Du vendredi 2 au dimanche 4 octobre 2026

Vendredi 2 octobre

19h–22h30
Soirée d’ouverture

19h30–20h30
Lecture du manifeste de Maboula Soumahoro
Lecture en extérieur, portée en français, créole caribéen, arabe, lingala et bambara.

Avec
Maboula Soumahoro · Zoubida Debbagh · Julien Creuzet · Bénicia Makengele · Diadié Dembélé

20h30–22h30
DJ set — Tysha Cee

Samedi 3 octobre

11h–12h30
Les Sœurs Nardal : un Anti-Salon pour explorer leur héritage
Léa Mormin-Chauvac · Ève Gianoncelli

12h30–14h30
Conférence culinaire : Le poulet DG, histoire d’un continent
Alexandre Bella Ola, avec Vicky et Yonni-André Bella Ola

14h–17h
Atelier d’écriture « La parole est nôtre » — animé par Maboula Soumahoro

18h–20h
Projection du film Lovers Rock réalisé par Steve McQueen

Dimanche 4 octobre

10h–11h30
Atelier de danse waacking — animé par Boubou Belbak

11h30–12h
Performance de waacking — Boubou Belbak

13h30–15h
Atelier de prise de parole publique — animé par Rokhaya Diallo

15h30–17h
Projection du documentaire Mariannes noires réalisé par Mame-Fatou Niang

17h30–19h30
Projection du documentaire Ouvrir la voix réalisé par Amandine Gay

19h30–20h30
Discussion post-projection : « Dix ans plus tard, où en sommes-nous ? »
Mame-Fatou Niang · modération Estelle Ndjandjo

20h30–22h
Dîner de clôture avec l’association Dena’ba

À PROPOS

Les Sœurs Nardal — Les sept sœurs Nardal — Paulette, Émilie, Alice, Jane, Cécile, Lucie et Andrée — sont originaires de la Martinique. Plusieurs d’entre elles participent à la vie intellectuelle et culturelle du Paris de l’entre-deux-guerres. Paulette, Jane et Andrée sont notamment associées au salon littéraire de Clamart, espace de rencontres et de circulation des idées entre les Caraïbes, l’Afrique, l’Europe et les États-Unis. Paulette Nardal cofonde en 1931 La Revue du monde noir, à laquelle Jane et Andrée contribuent également. Leur rôle dans l’histoire des circulations intellectuelles noires et dans la genèse de la Négritude a longtemps été moins reconnu que celui des figures masculines du mouvement.

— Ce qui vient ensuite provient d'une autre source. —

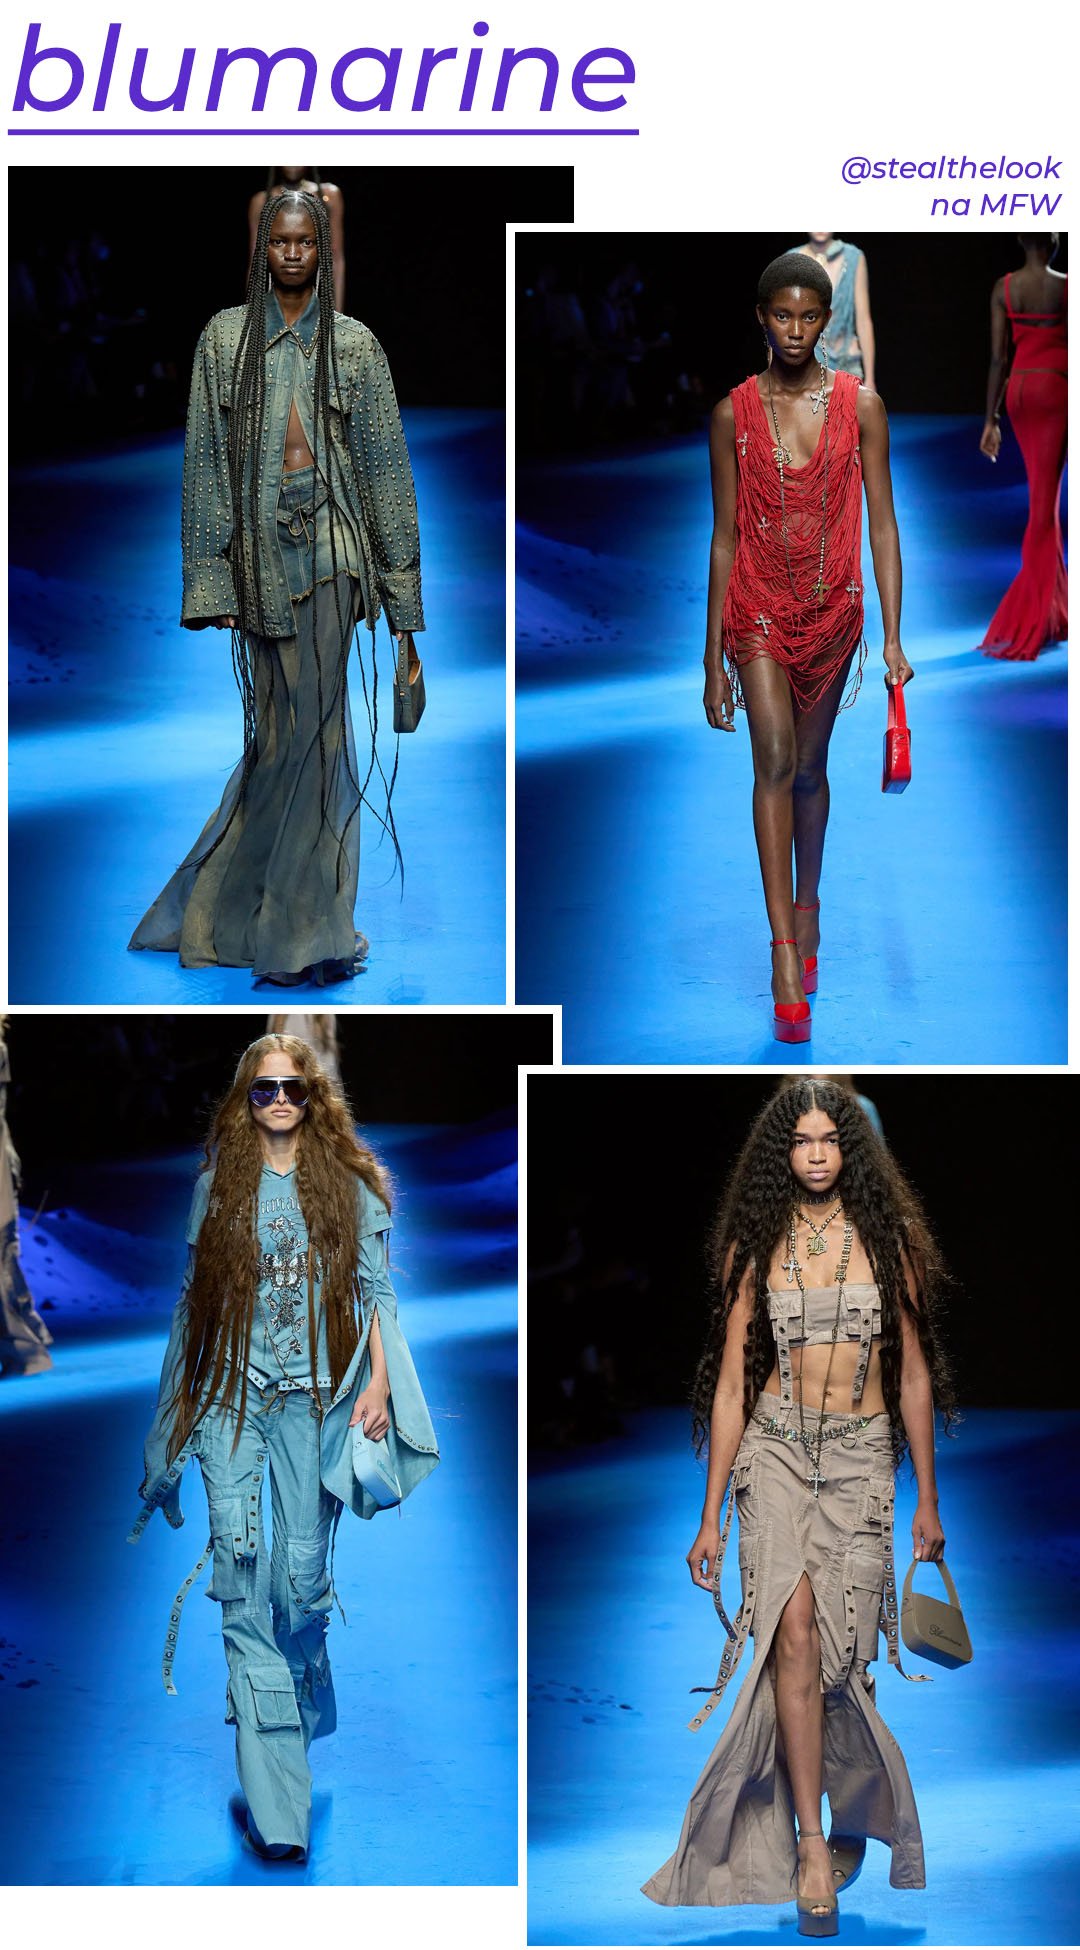 Blumarine S/S 2023 - roupas diversas - Milano Fashion Week - Primavera - modelo andando pela passarela - https://stealthelook.com.br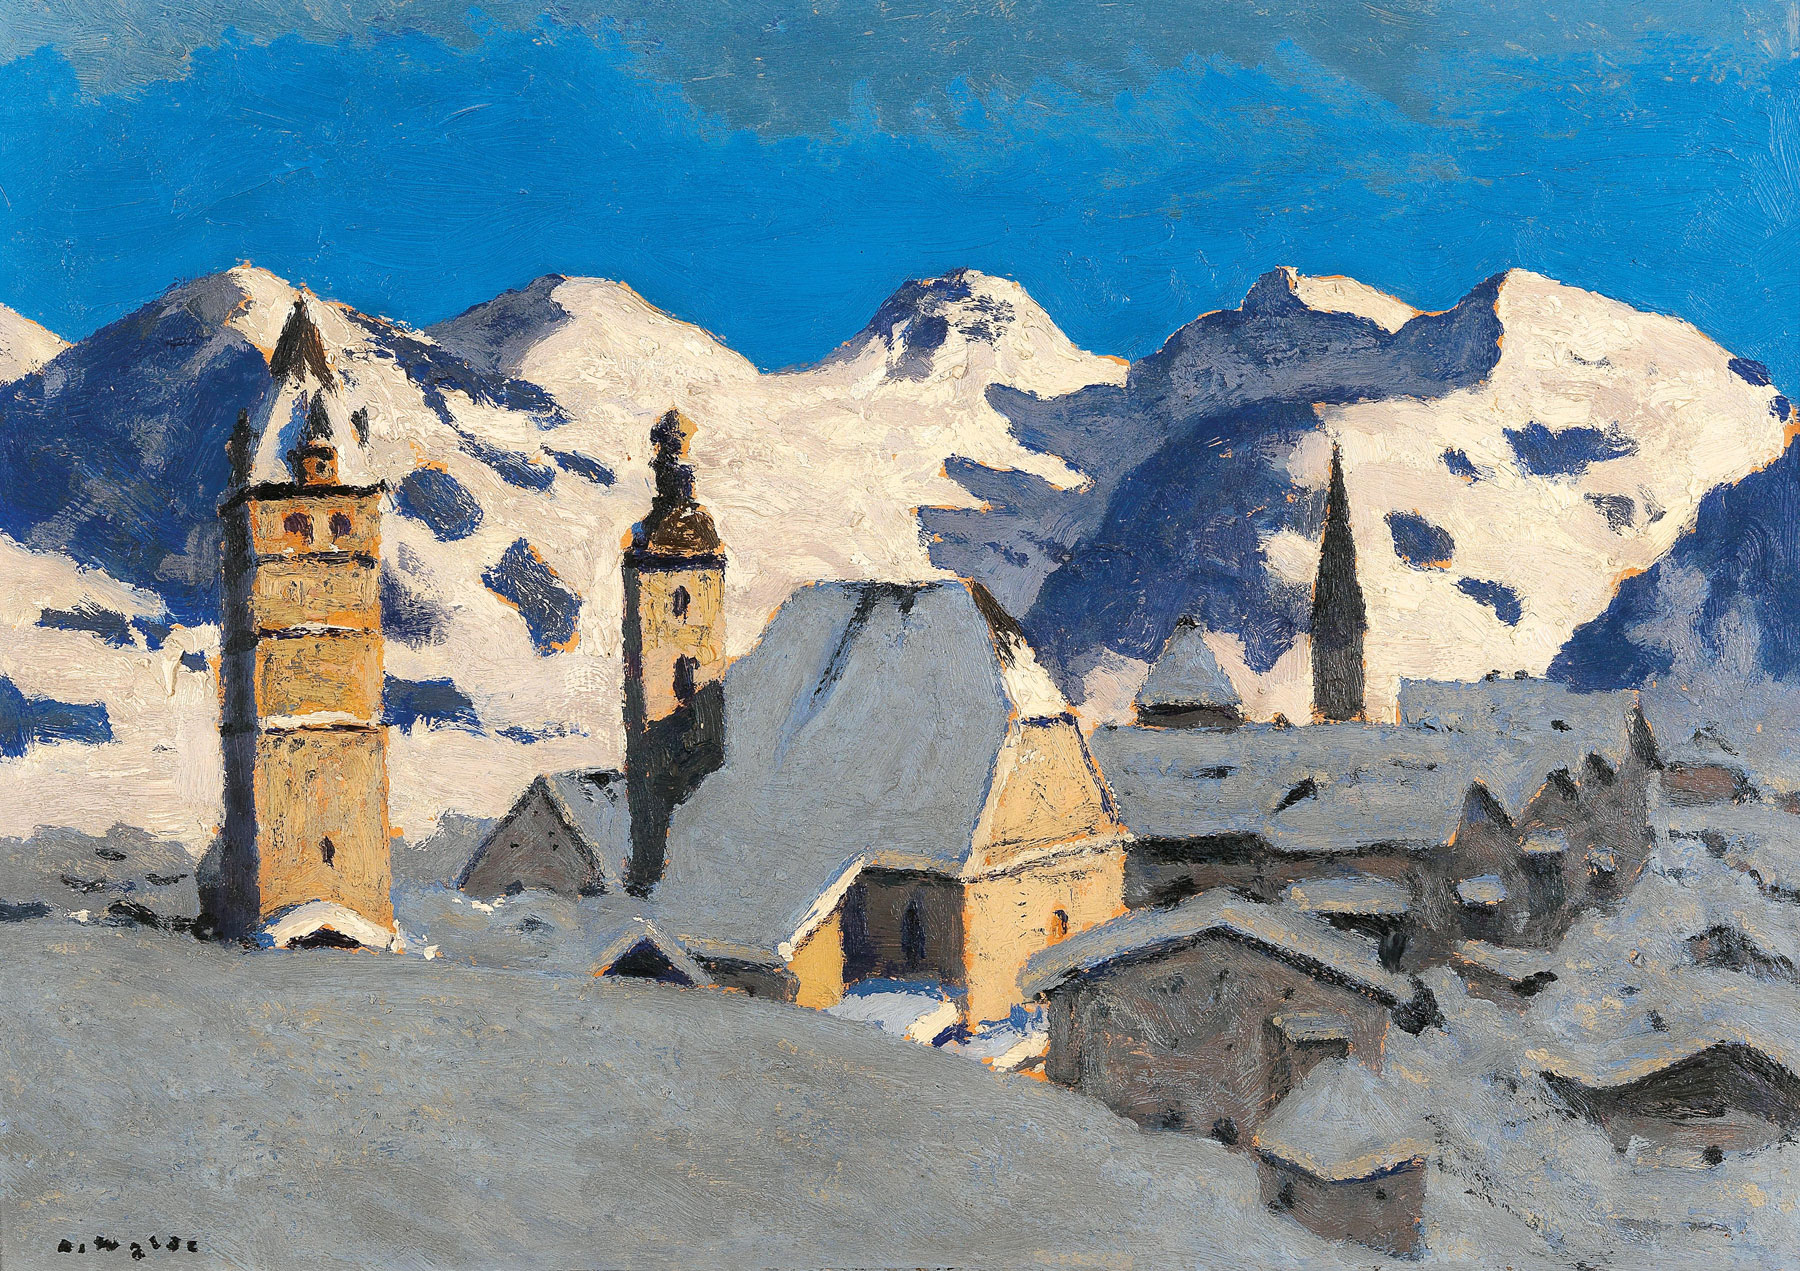 Alfons Walde, KitzbÃ¼hel (1930; olio su cartone, 43 x 58 cm; Collezione privata)

Maboula Soumahoro — Maîtresse de conférences en civilisation du monde anglophone à l’université de Tours, Maboula Soumahoro est spécialiste des études étatsuniennes, africaines-américaines et des diasporas noires et africaines dans le monde atlantique. Elle est notamment l’autrice de Le Triangle et l’Hexagone. Réflexions sur une identité noire (La Découverte, 2020) et la traductrice de À perte de mère. Sur les routes atlantiques de l’esclavage de Saidiya Hartman (2023), ainsi que de Black British Music de Paul Gilroy, publié en français en 2026 chez Audimat.